● **WHAT TO DO**
Copy exactly the lines from the line holding "6.02 CTW Natural" through the end of the material, and no others; pictures stay out.

● **COLLECTED MATERIAL**

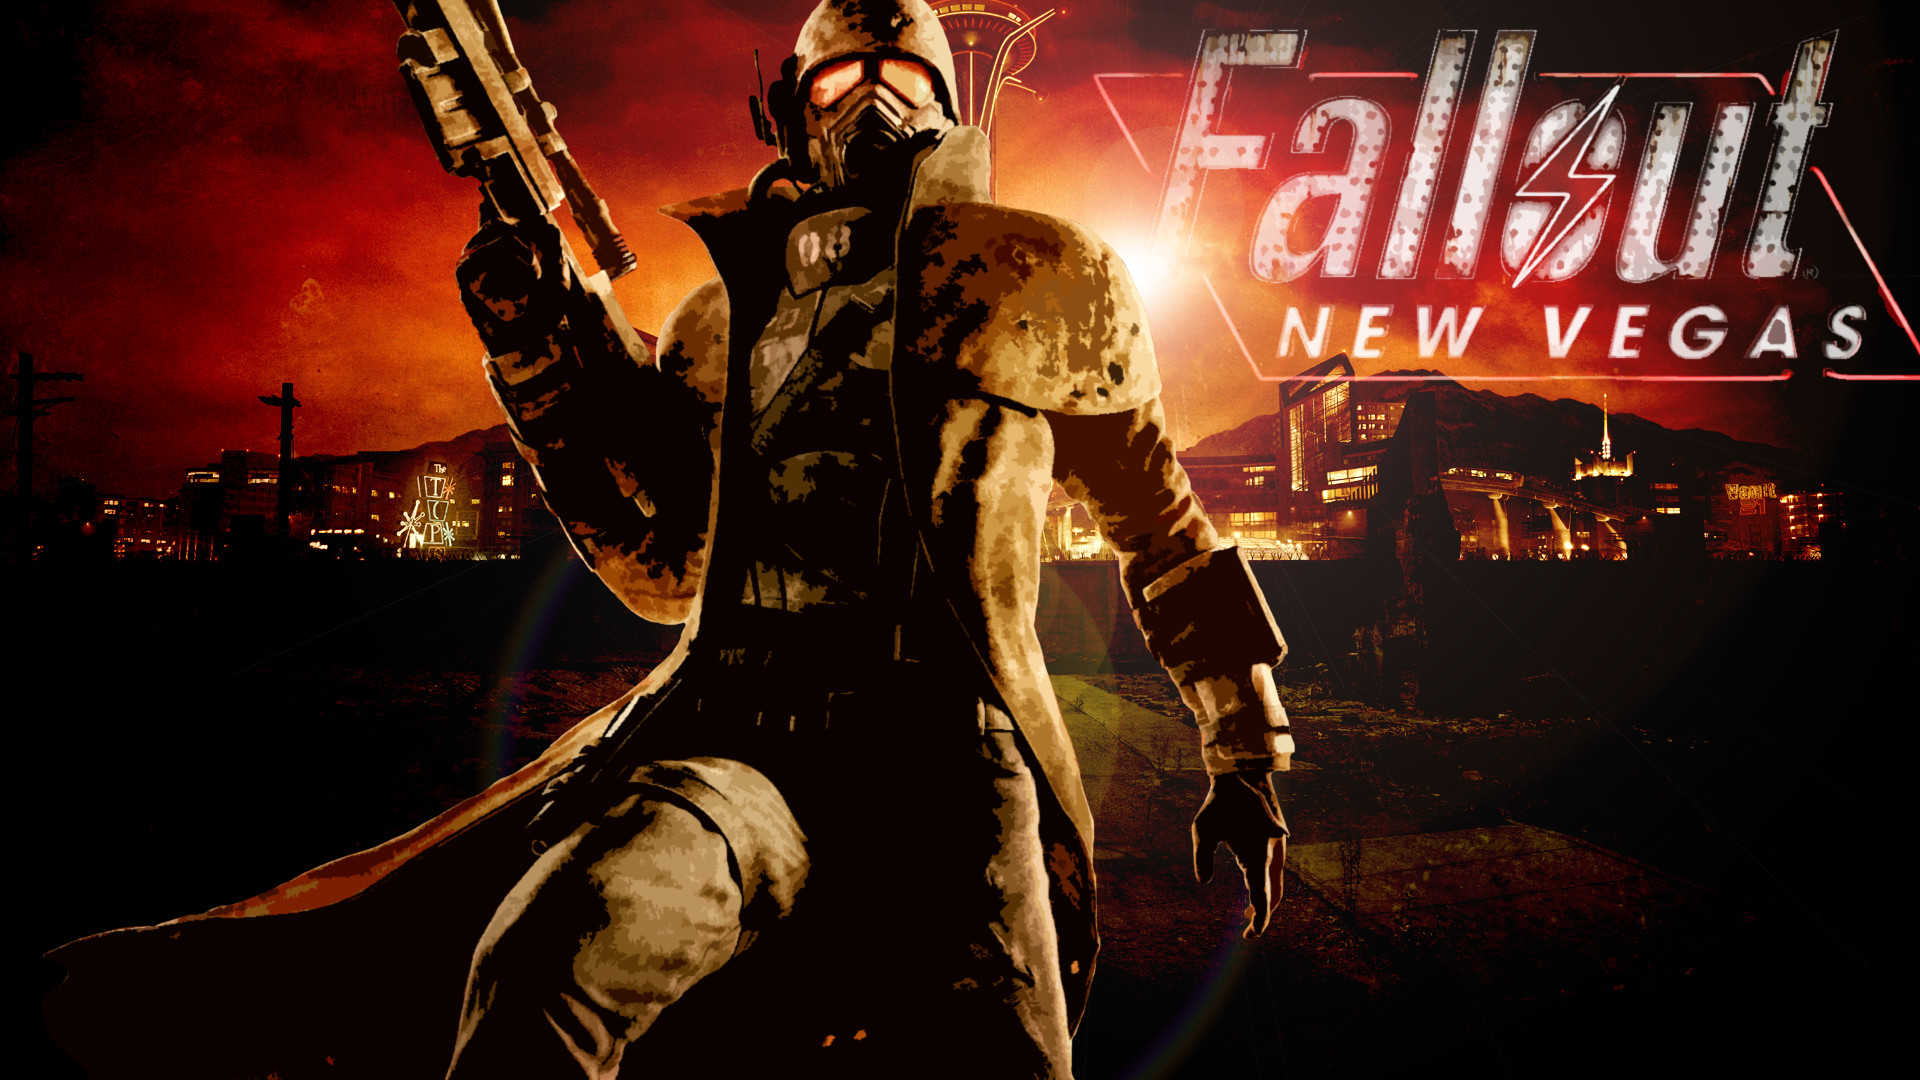 Fallout New Vegas Wallpaper (73+ Images
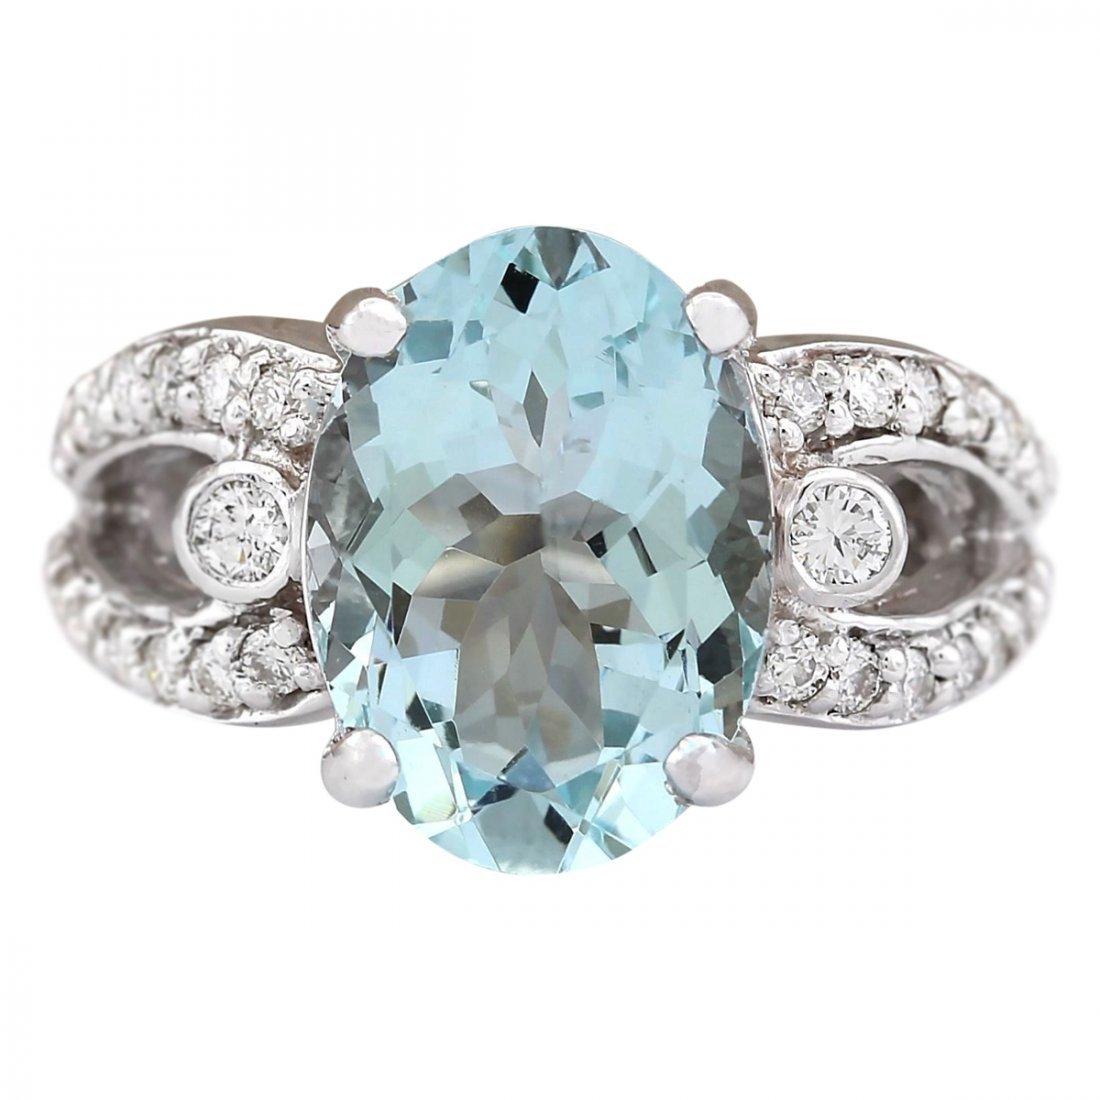 6.02 CTW Natural Aquamarine And Diamond Ring In 14k
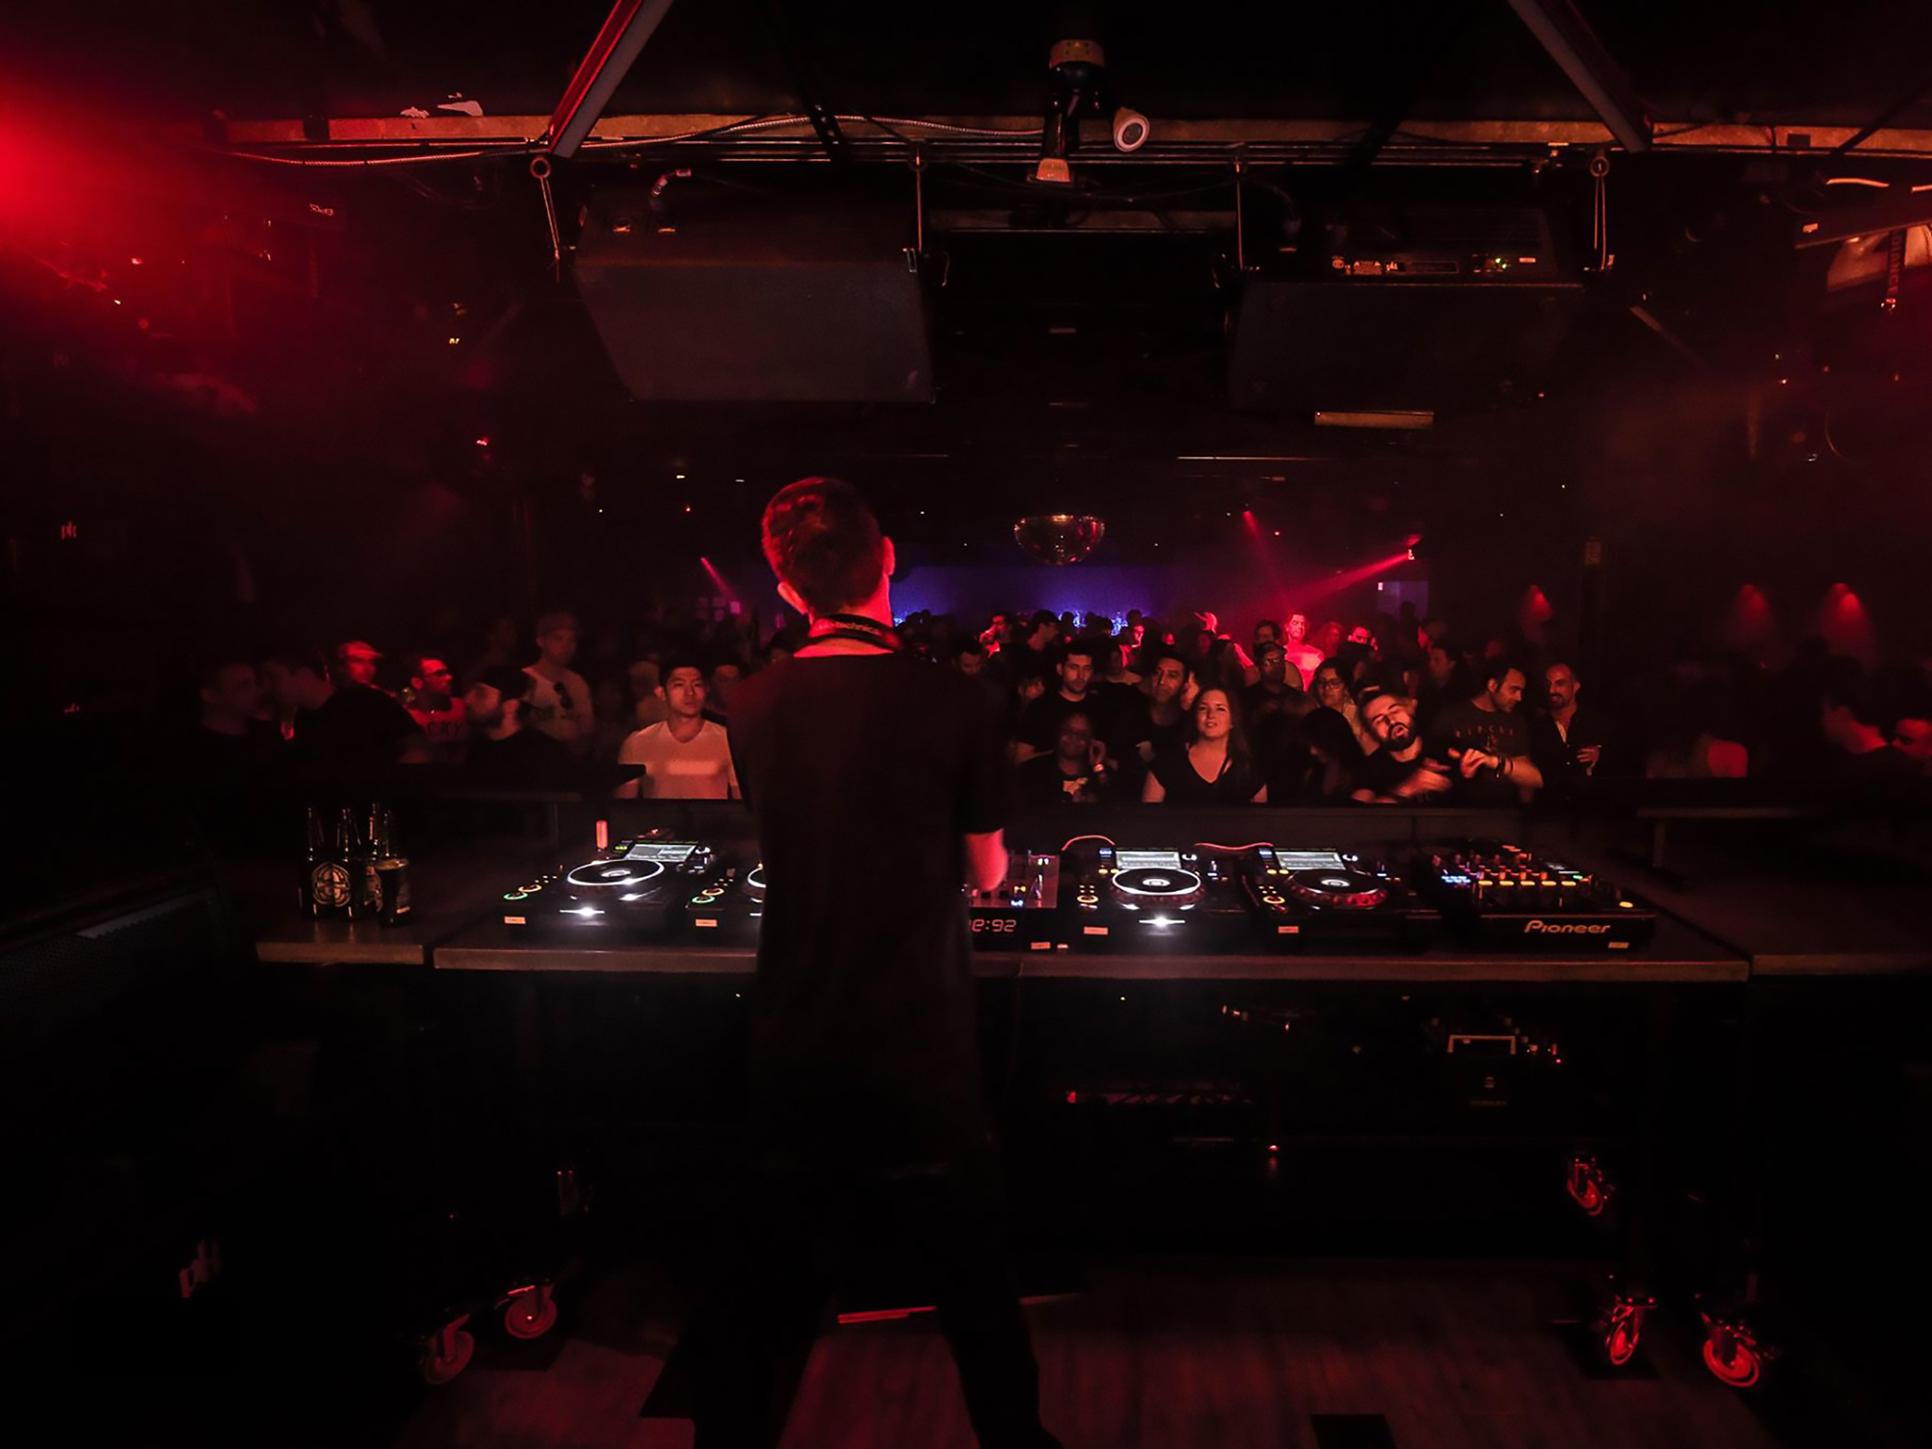 Terence Kissner DJ at Coda Toronto

● **EXERCISE ANSWER**
 6.02 CTW Natural Aquamarine And Diamond Ring In 14k
 Terence Kissner DJ at Coda Toronto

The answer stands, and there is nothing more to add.